Wednesday, January 05, 2011

Roger Milliken Avenges Tax on Grandfather's Estate

In 1916, when the federal estate tax was new, Seth Milliken, a co-founder of Milliken & Co., sought to reduce his estate by giving shares of the company to his children. He died in 1920. The IRS insisted the shares were taxable, as gifts in contemplation of death. The legal battle lasted until 1931, when the Supreme Court ruled that the gifts were indeed subject to estate tax.

Last week, Bloomberg reports, Seth's 95-year-old grandson evened the score:

Textile tycoon Roger Milliken ducked the taxman upon his death almost a century after his grandfather lost a landmark legal fight with the U.S. government over sheltering a fortune from the estate tax.

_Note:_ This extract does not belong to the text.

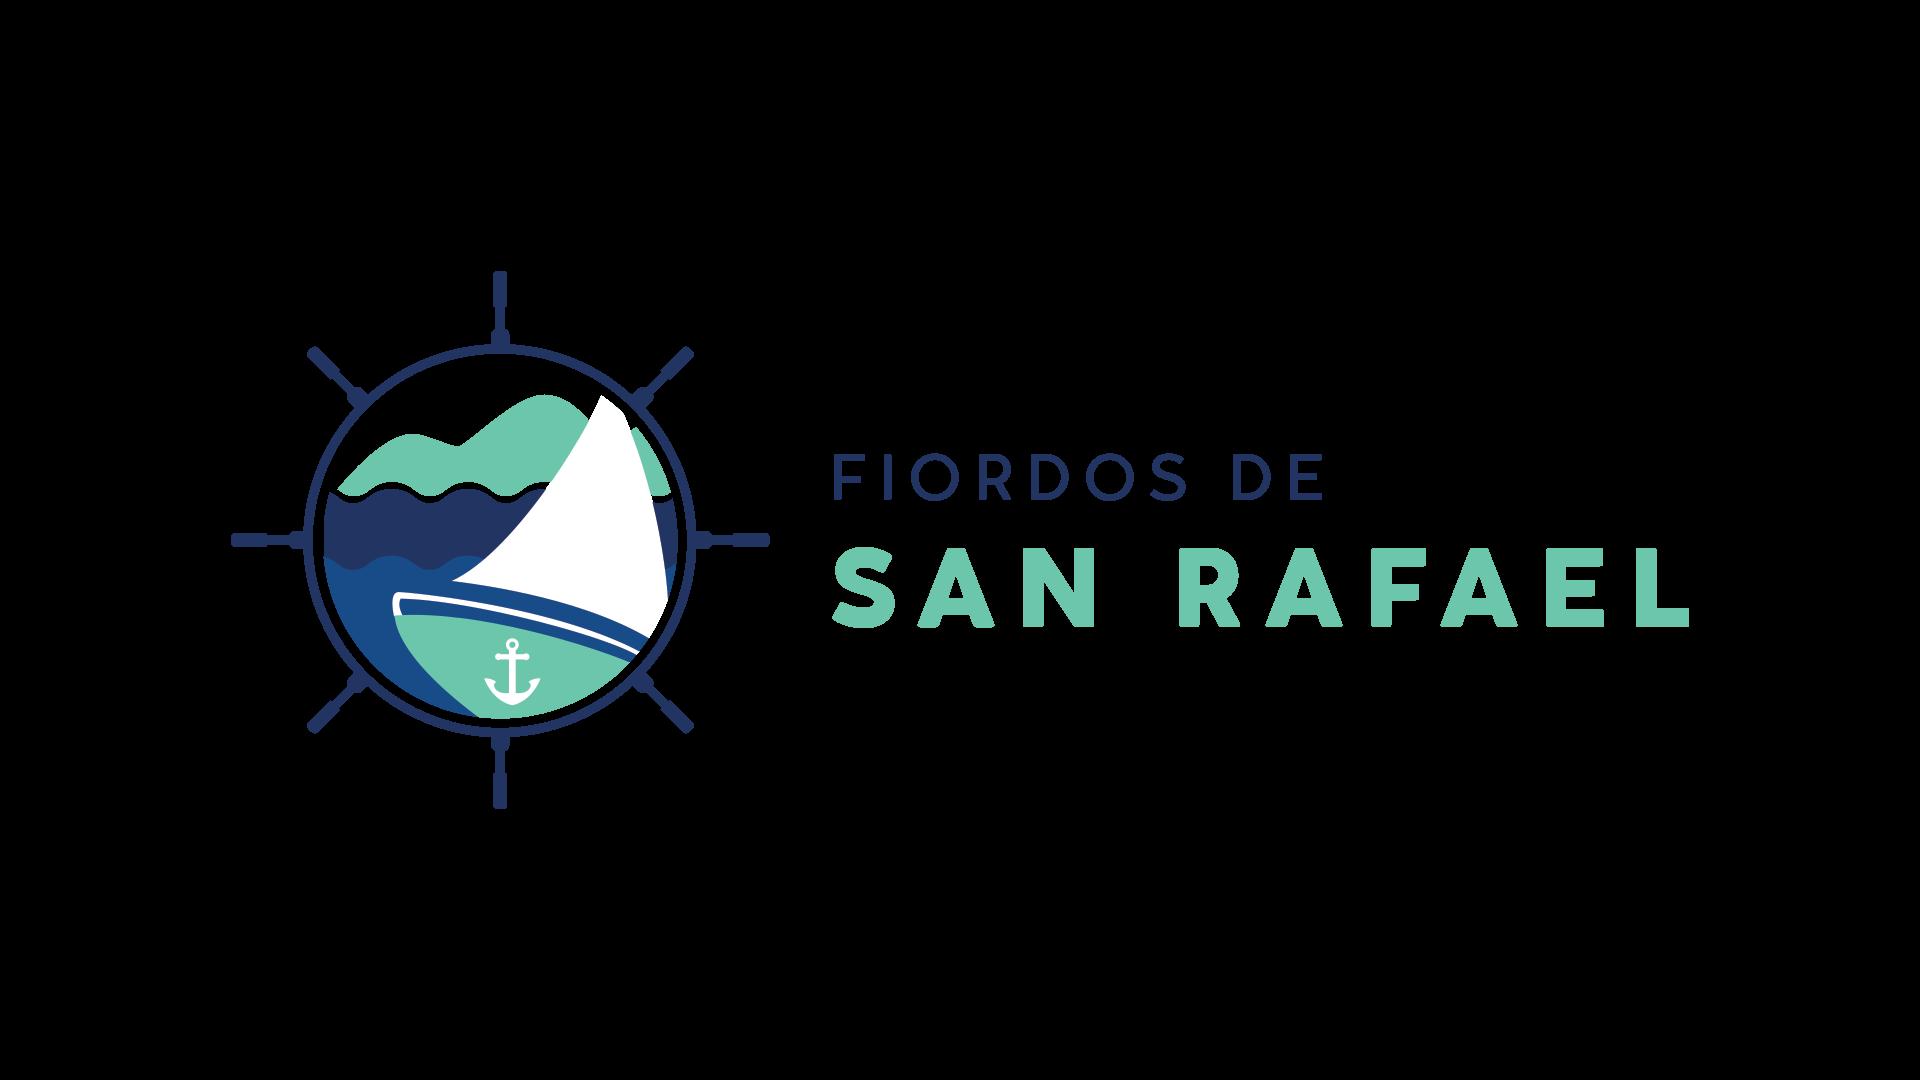 Fiordos de San Rafael
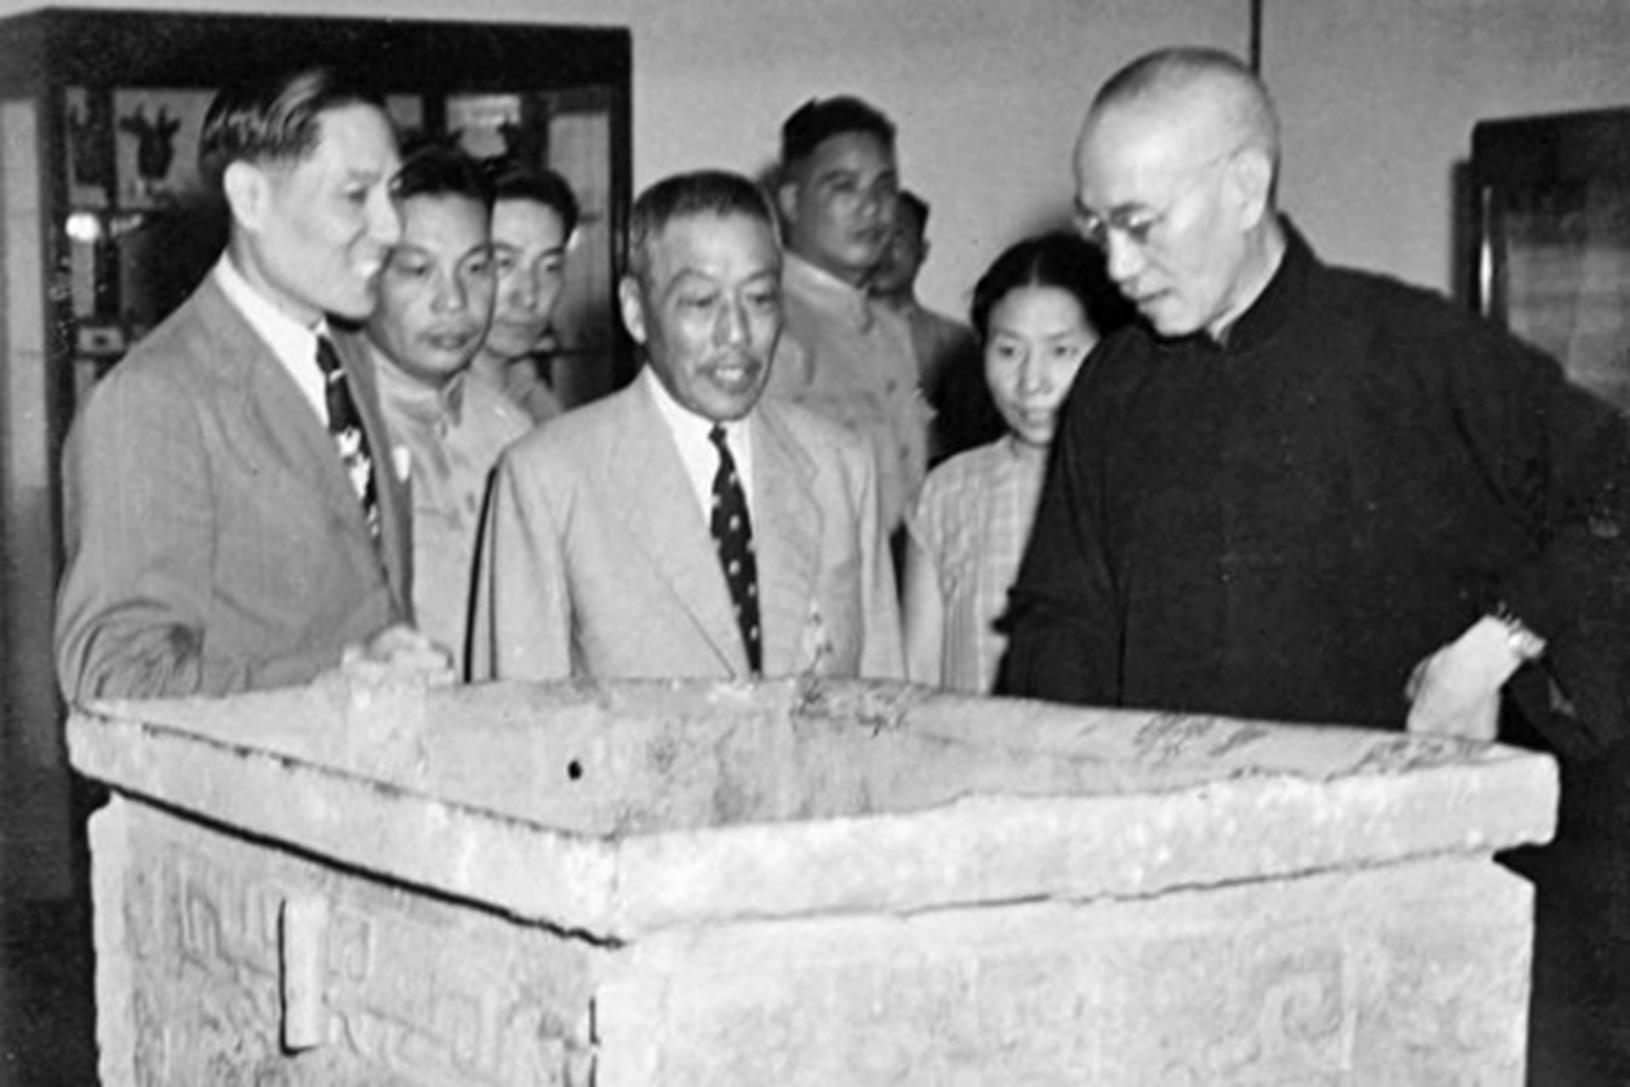 1947年,蔣介石、宋美齡、蔣經國一家三口參觀了在南京舉辦的故宮國寶展覽,眾多展覽的珍寶中,商司母戊大方鼎和周毛公音鼎乃為蔣總統直接經手贈送給故宮博物院的收藏品。(公有領域)

The 95-year-old Milliken, chairman of Milliken & Co., one of the world’s largest closely held textile, chemical, and floor-covering manufacturers, died in a Spartanburg, South Carolina, hospice on Dec. 30, less than 48 hours before a temporarily lapsed federal tax on multimillion-dollar estates was to be reinstated.

Milliken’s fortune now will pass to his heirs with no estate tax.

“The timing of his death surely benefited his heirs and the company,” said Jock Nash, Milliken’s Washington lobbyist on trade issues for 25 years. “His timing was impeccable.”